The Cars dataset, a dataset from 1974 *Motor Trends* US Magazine

![alt text](https://www.allpar.com/photos/vimages/chrysler/1975/drawing.jpg)

## Thinking Like Excel

In [0]:
cars = pd.read_csv("https://gist.githubusercontent.com/seankross/a412dfbd88b3db70b74b/raw/5f23f993cd87c283ce766e7ac6b329ee7cc2e1d1/mtcars.csv")
cars

Unnamed: 0,model,mpg,cyl,disp,hp,drat,wt,qsec,vs,am,gear,carb
0,Mazda RX4,21.0,6,160.0,110,3.9,2.62,16.46,0,1,4,4
1,Mazda RX4 Wag,21.0,6,160.0,110,3.9,2.875,17.02,0,1,4,4
2,Datsun 710,22.8,4,108.0,93,3.85,2.32,18.61,1,1,4,1
3,Hornet 4 Drive,21.4,6,258.0,110,3.08,3.215,19.44,1,0,3,1
4,Hornet Sportabout,18.7,8,360.0,175,3.15,3.44,17.02,0,0,3,2
5,Valiant,18.1,6,225.0,105,2.76,3.46,20.22,1,0,3,1
6,Duster 360,14.3,8,360.0,245,3.21,3.57,15.84,0,0,3,4
7,Merc 240D,24.4,4,146.7,62,3.69,3.19,20.0,1,0,4,2
8,Merc 230,22.8,4,140.8,95,3.92,3.15,22.9,1,0,4,2
9,Merc 280,19.2,6,167.6,123,3.92,3.44,18.3,1,0,4,4


Pandas data comes in tables.
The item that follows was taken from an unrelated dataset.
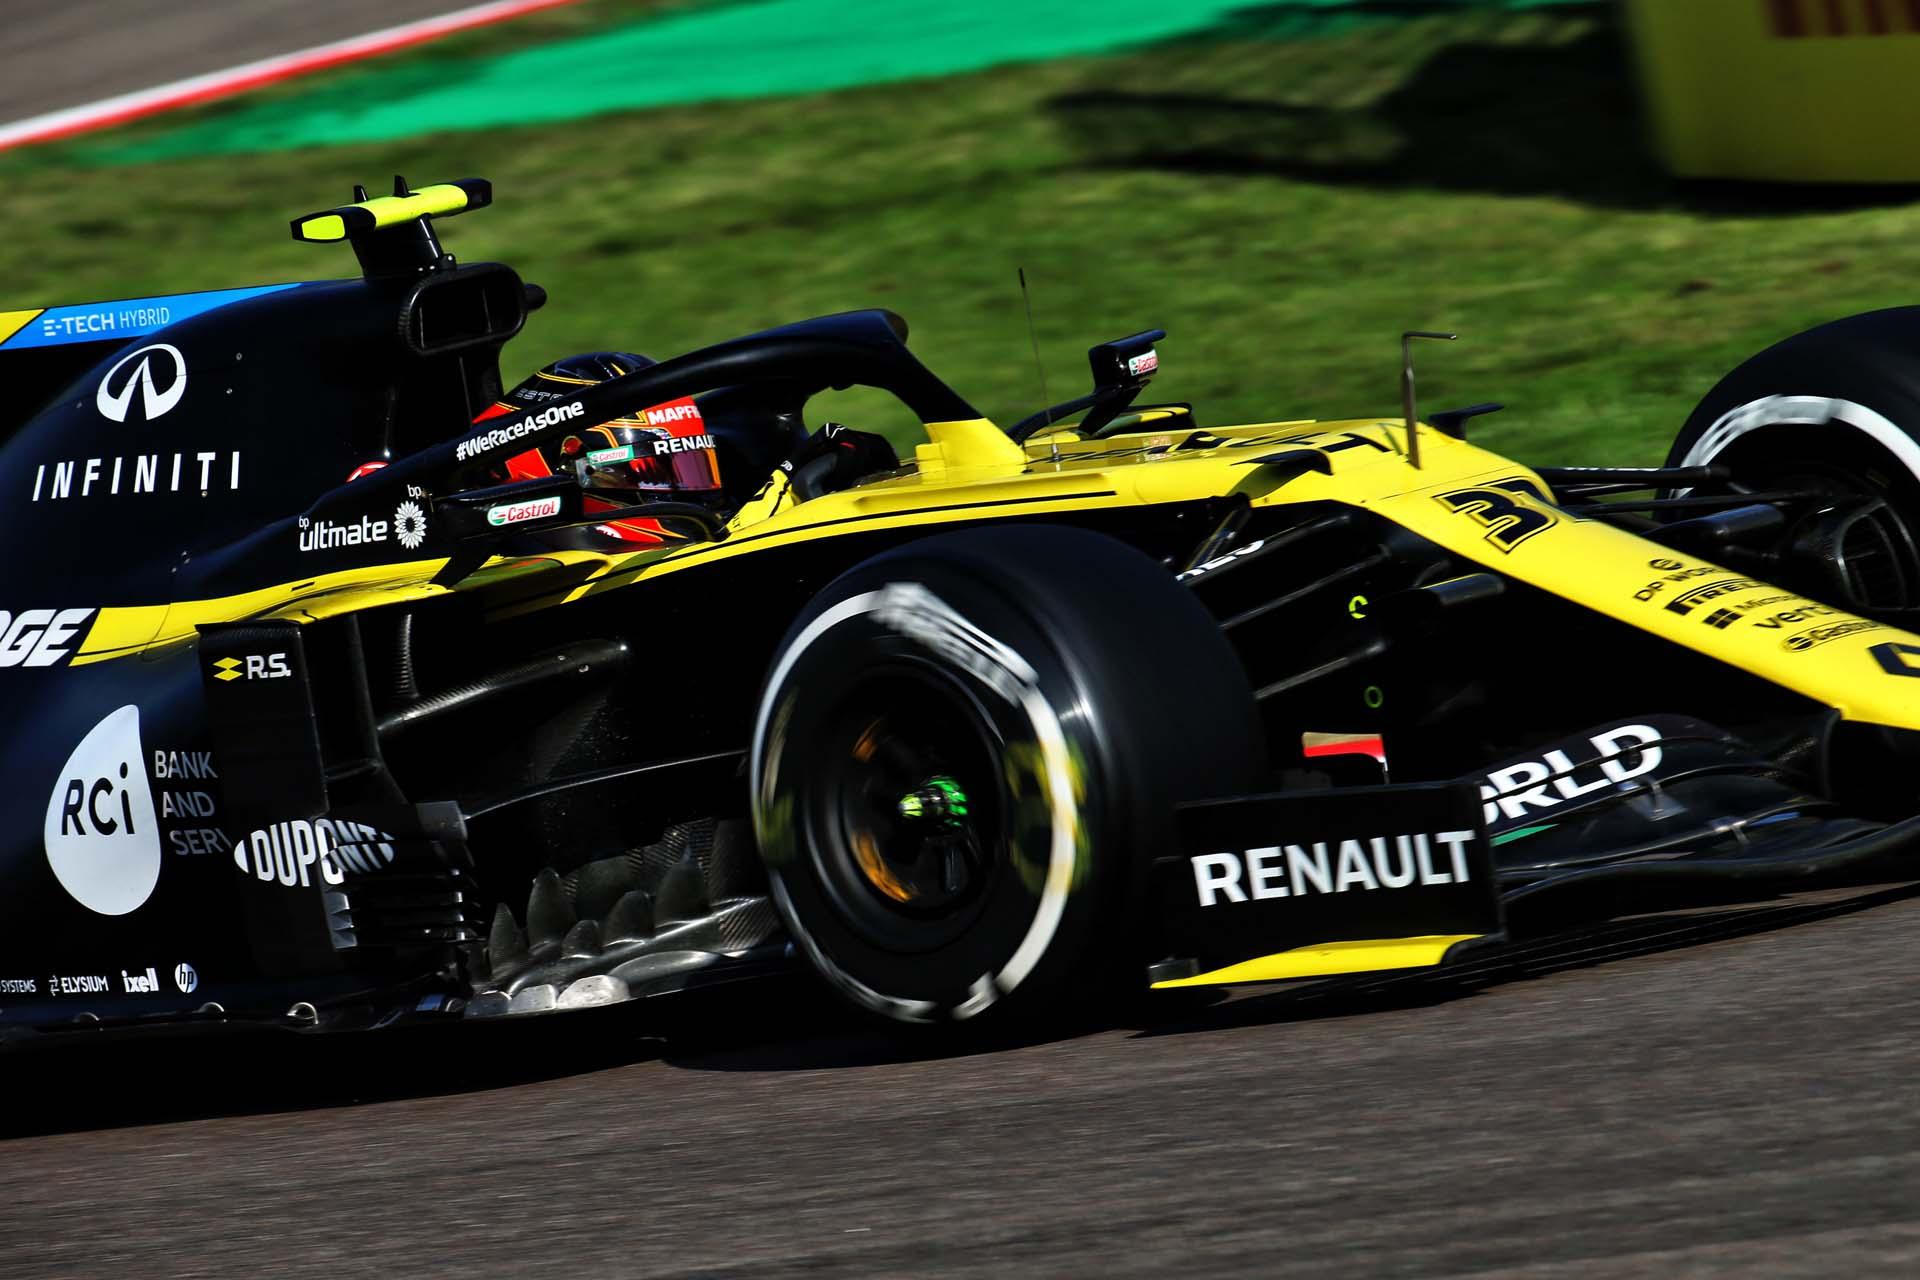 Motor Racing - Formula One World Championship - Emilia Romagna Grand Prix - Qualifying Day - Imola, Italy

Think of it like Excel in Python! We read in the cars dataset from a GitHub csv link using pd.read_csv() and stored it in the cars variable.

__Columns:__

mpg	Miles/(US) gallon

cyl	Number of cylinders

disp	Displacement (cu.in.)

hp	Gross horsepower

drat	Rear axle ratio

wt	Weight (1000 lbs)

qsec	1/4 mile time

vs	Engine (0 = V-shaped, 1 = straight)

am	Transmission (0 = automatic, 1 = manual)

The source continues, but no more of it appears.